If code throws ImportError, AttributeError, or TypeError, introspect the installed package and adapt the example to match the actual API rather than retrying.

UMI Processing -- count original molecules, or build a consensus below the error floor

Collapse PCR/optical duplicates by (coordinate + UMI) with umi_tools, or call error-corrected consensus reads with fgbio.

"Deduplicate reads using UMIs" -> Extract the UMI before alignment, then group reads by UMI + mapping position after alignment to count original molecules.

CLI: umi_tools extract -> align -> umi_tools dedup (molecule counting)
CLI: fgbio GroupReadsByUmi -> fgbio CallMolecularConsensusReads/CallDuplexConsensusReads (error correction)

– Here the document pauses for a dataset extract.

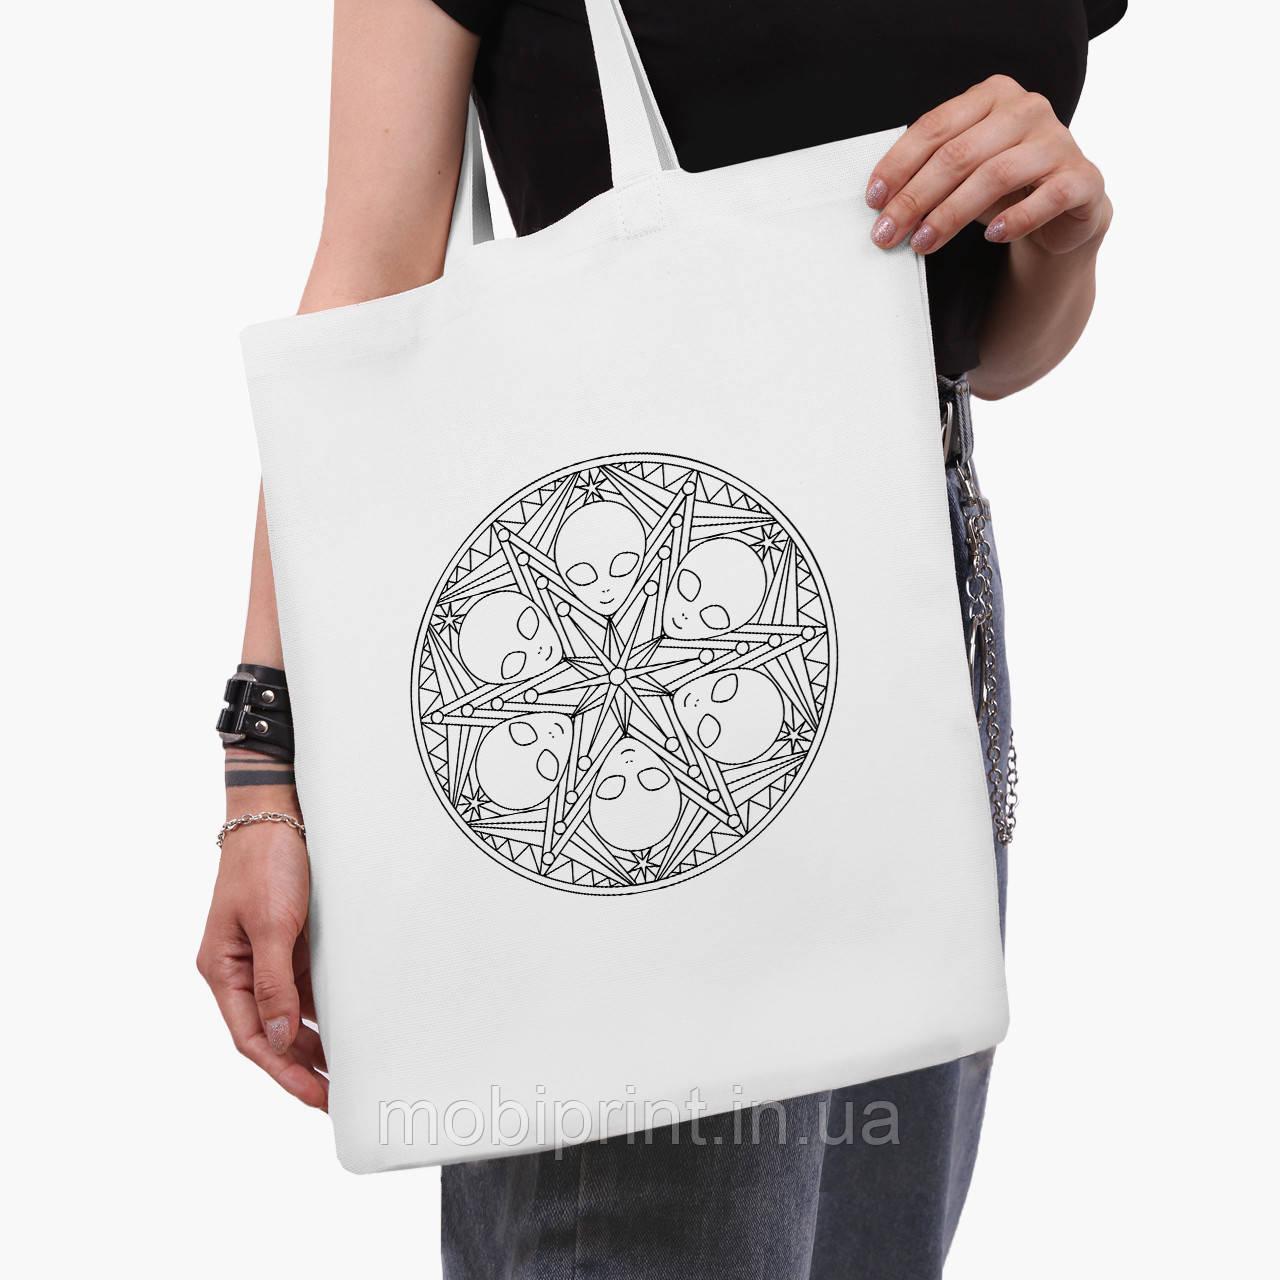 Еко сумка шоппер біла Инопланетяни (Aliens) (9227-2852-3) 41*35 см

Scope: this skill OWNS UMI extraction, dedup, and consensus calling. UMI extraction during QC -> read-qc/fastp-workflow. Single-cell matrices -> single-cell/preprocessing. Non-UMI DNA coordinate dedup -> alignment-files/duplicate-handling. OUT OF SCOPE: non-UMI bulk RNA-seq (do NOT dedup it -- read-qc/rnaseq-qc).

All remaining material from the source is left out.